A mixed economy is one in which the government does not own all of the means of production, but government interests may legally circumvent, replace, limit or otherwise regulate private economic interests. By contrast, a free private economic system allows voluntary and competing private individuals to plan, produce and trade without coercive public interference.

There are many political and moral connotations wrapped up in the centuries-old, ongoing debate between statist thinkers and free-market thinkers. In real, practical terms, the differences between different types of economic systems are very basic: the rights of individual property owners versus the primacy of government authorities over production and distribution.

Possible Types of Economic Planning

There are three broad methods of economic policies. The first is state ownership of production, or socialism. The second is controlled private ownership, or a mixed economy, in which the state allows varying degrees of freedom between producers and consumers. The last is laissez-faire capitalism, where private property rights and freedom of contract are the dominant framework of production and trade.

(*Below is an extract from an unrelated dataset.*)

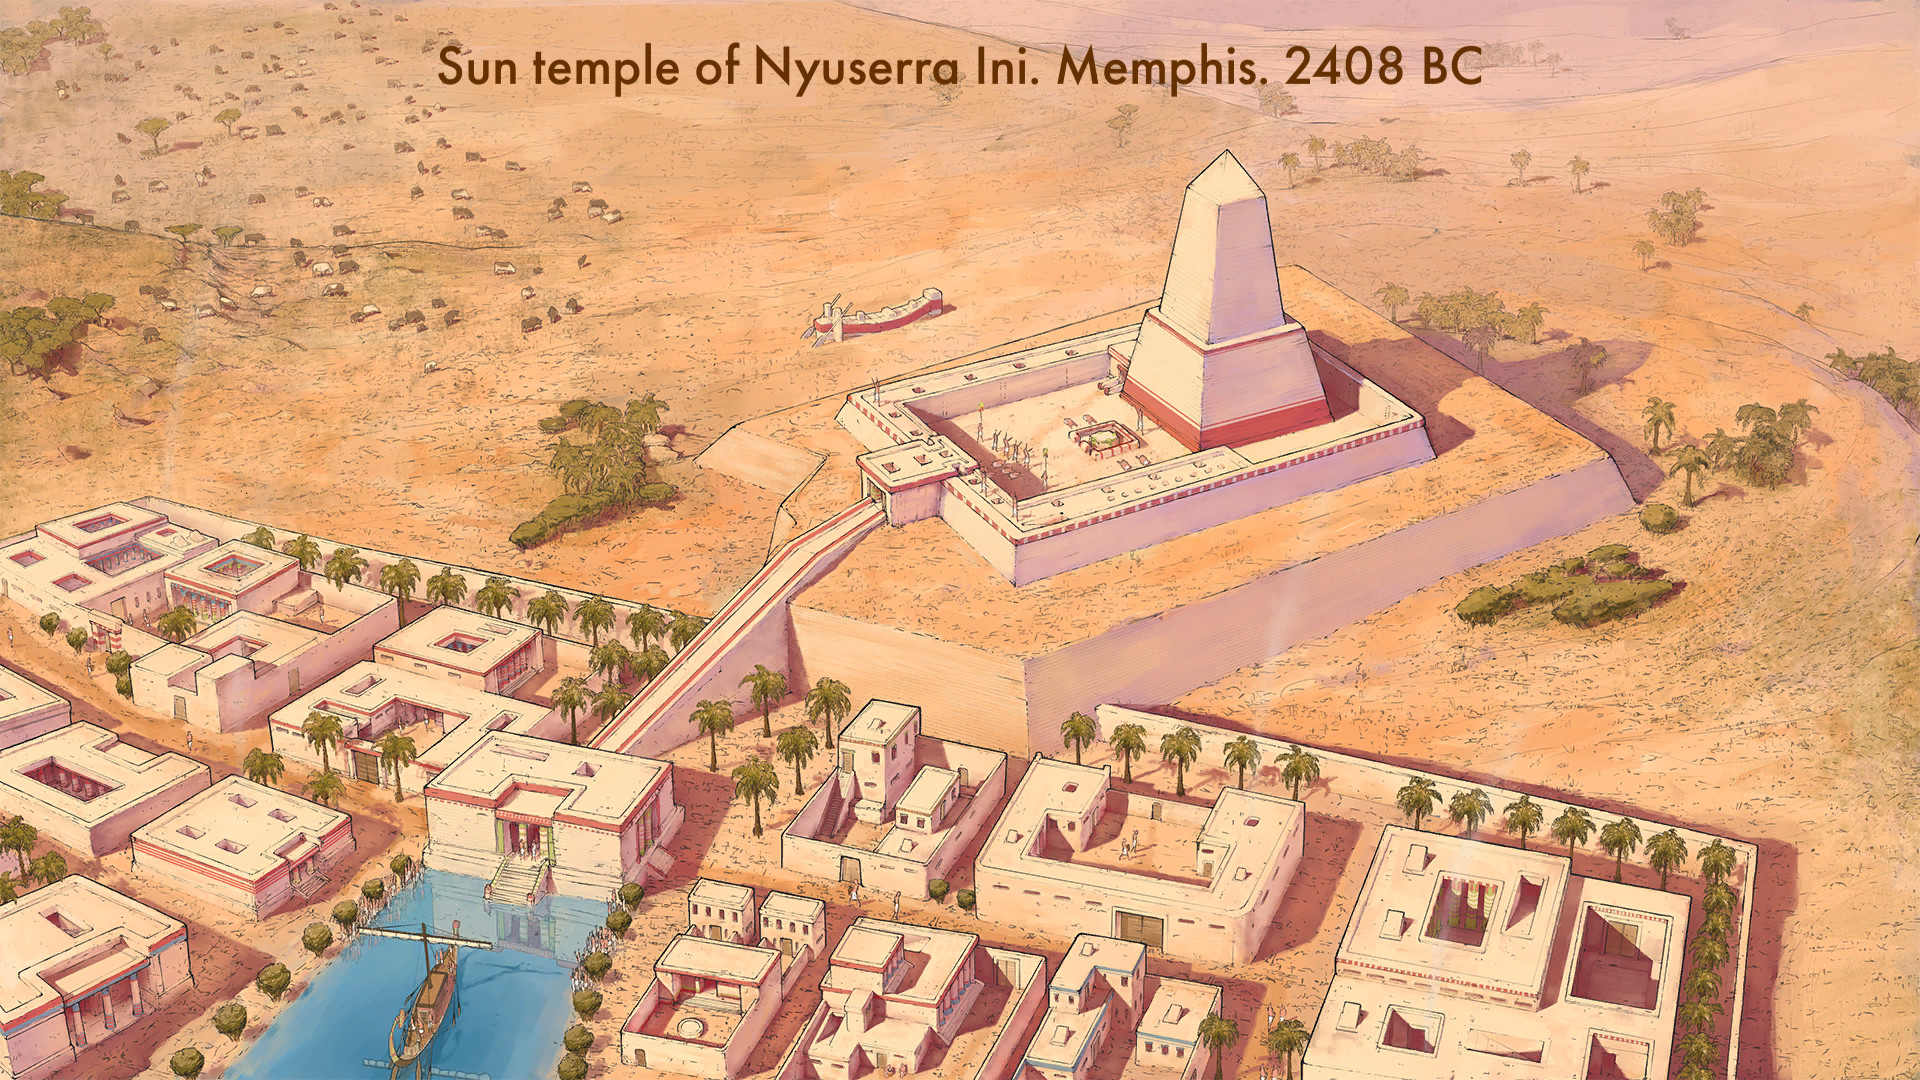 เกมกลยุทธ์มือถือที่ดีที่สุด: อียิปต์: อาณาจักรเก่า รูปภาพแสดงการตั้งถิ่นฐานของอียิปต์โบราณพร้อมข้อความที่อ่าน

Nearly every country in the world has a mixed economy. North Korea, a state-run dictatorship, is an example of a fully socialist system. Even relatively free-market economies, such as Hong Kong or Australia, are still mixed.

Property Rights

The laissez-faire economy evolves out of a system of respected private property rights. Property owners – including the owners of machines, capital and other input resources – may contract and trade with each other as they see fit, irrespective of the wants of government.

A mixed economy places limits on property rights. Property owners are restricted with regards to how they exchange with one another. These restrictions come in many forms, such as minimum wage laws, tariffs, quotas, windfall taxes, license restrictions, prohibited products or contracts, direct public expropriation, anti-trust legislation, legal tender laws, subsidies, and eminent domain.

In Western democratic republics, property rights may be violated if the plurality of elected representatives deem that such violations are in the public's (or their own) best interest.